No final do projeto, foram 11 reconhecimentos espontâneos de paternidade e quatro solicitações de DNA.

Cinco mães das 34 famílias entrevistadas queriam o reconhecimento de pais que eram falecidos. Também houve outros casos, como adoção do filho do cônjuge e solicitação de guarda dos netos por parte da avó. Todos foram encaminhados à Defensoria Pública ou ao escritório de práticas jurídicas da Universidade Paulista (Unip), parceira do projeto.

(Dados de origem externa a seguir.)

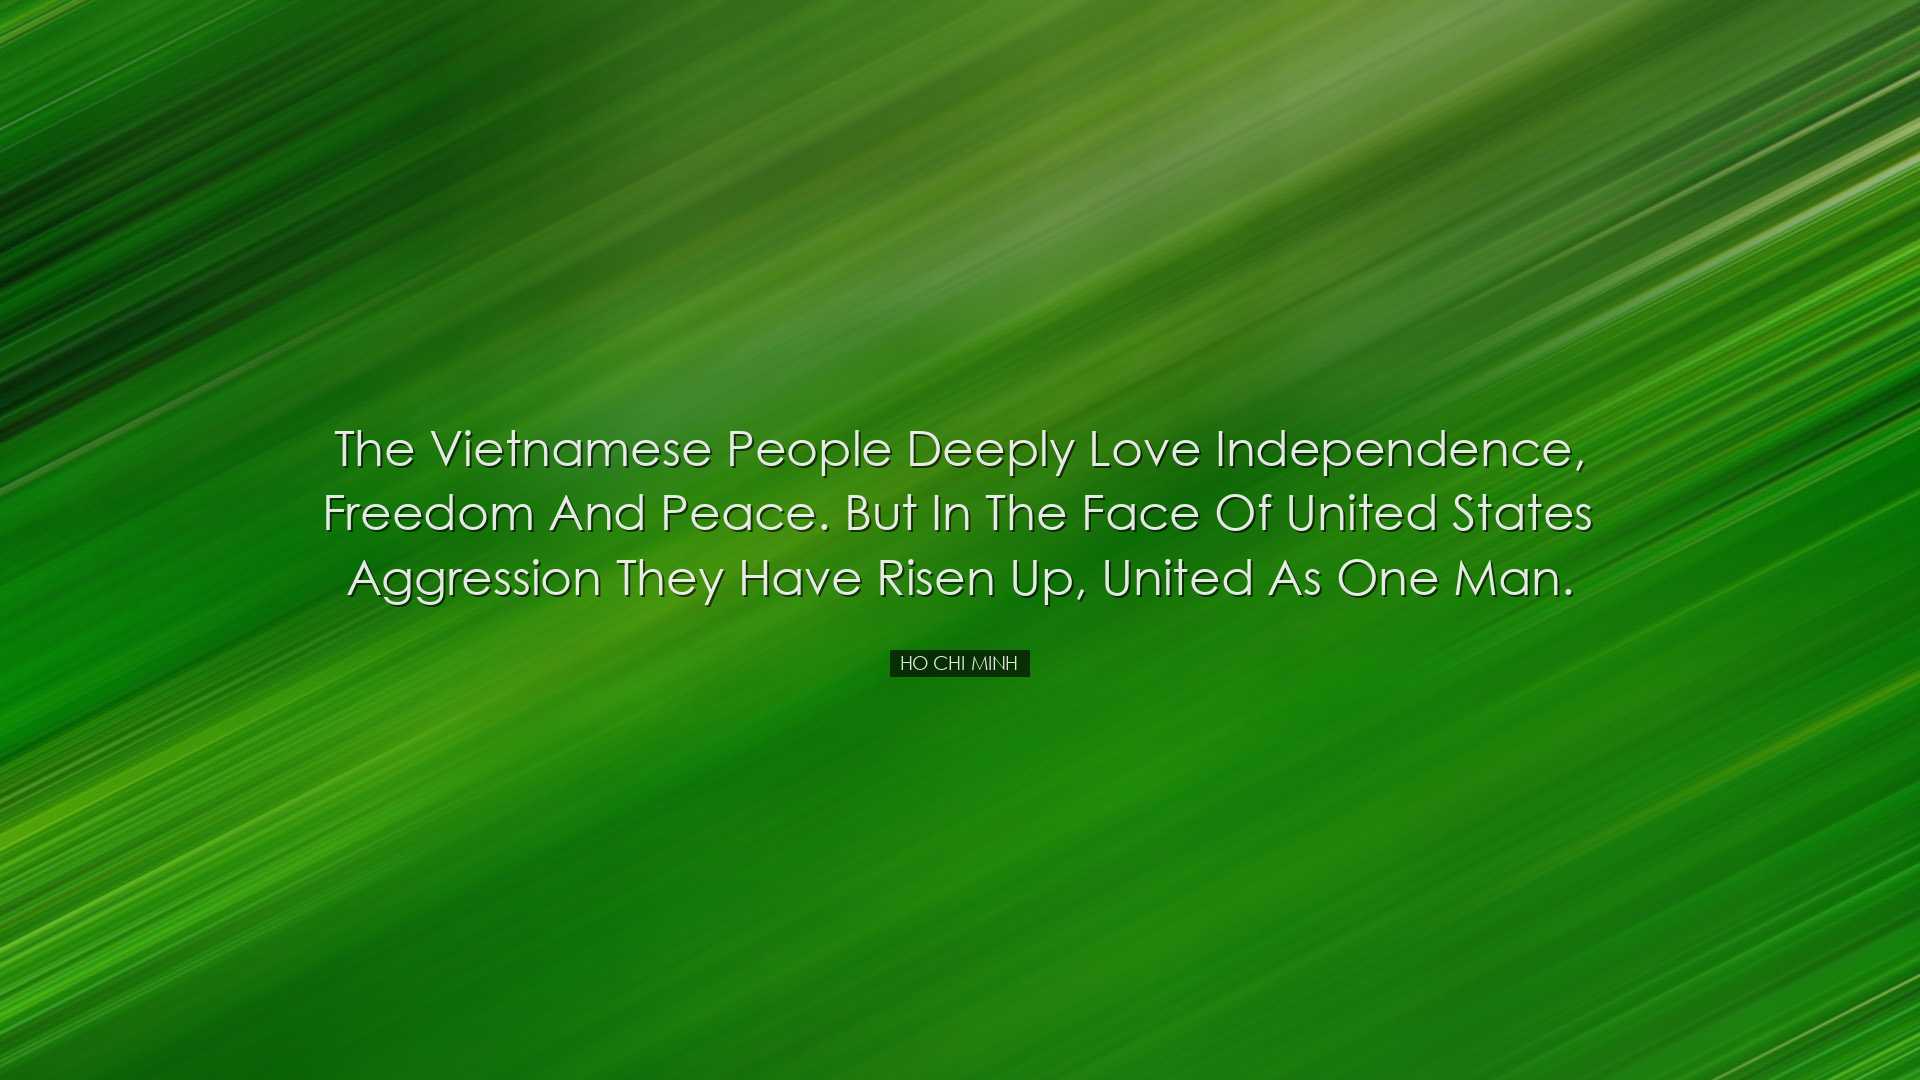 The Vietnamese people deeply love independence, freedom and peace.

O reconhecimento paterno trouxe mudanças positivas no cotidiano, na dinâmica familiar e no bem-estar das crianças e dos adolescentes. As mães notaram que seus filhos se sentem mais seguros e acreditam que não haverá mais episódios de discriminação na escola e em outros lugares.

Mesmo que o reconhecimento nem sempre signifique o início de um contato com a família paterna, houve casos em que o pai decidiu se aproximar do filho e estar presente, depois de um longo período afastado. Duas crianças com o pai preso também tiveram a oportunidade de estreitar os laços. Por meio do projeto Conexão Familiar, da Secretaria da Administração Penitenciária, eles podem trocar mensagens, fotos e fazer videochamadas.

“Dois pais presos, encarcerados, conseguiram fazer esse reconhecimento que para eles era muito importante. Uma mãe falou que isso foi muito importante para ela, o filho e o pai e que hoje eles podem conversar”, conta Juliana Villalba.

“O reconhecimento paterno desempenha um papel crucial na promoção do bem-estar emocional das crianças. Garantir o direito à identidade e ao pertencimento contribui para o fortalecimento dos laços familiares”, diz Stelle Goso.

Como é o reconhecimento de paternidade

Todos, especialmente crianças e adolescentes, têm o direito de saber sobre sua paternidade. É um direito garantido na Constituição Federal, no Estatuto da Criança e do Adolescente (ECA) e no Código Civil.

O reconhecimento pode ser realizado de forma espontânea ou por decisão judicial. De acordo com o Conselho Nacional de Justiça (CNJ), se o filho for menor de 18 anos, a mãe pode indicar o suposto pai em um cartório de registro civil e solicitar o procedimento. Se o pai estiver presente, a inclusão do nome e a emissão do novo documento são feitas na mesma hora.

E se o pai quiser reconhecer o filho, ele pode ir ao cartório com a cópia de certidão de nascimento e dar início ao registro. A conclusão do procedimento dependerá do filho, se ele tiver 18 anos ou mais, e da mãe, no caso de filhos(as) menores de 18 anos.

Se o suposto pai não quiser reconhecer, a mãe ou o filho podem procurar a Justiça, por meio do cartório, e será iniciado um processo de investigação que dura 45 dias. Ele é convocado a se manifestar em juízo sobre a paternidade. Caso não se pronuncie ou possua dúvidas sobre a relação familiar, o pedido é encaminhado ao Ministério da Saúde e é feito um exame de DNA.

O reconhecimento de paternidade pode ser realizado após a morte do suposto pai. O procedimento também não se limita ao caráter biológico. Padrasto ou um responsável que exerça função de pai também pode ser reconhecido.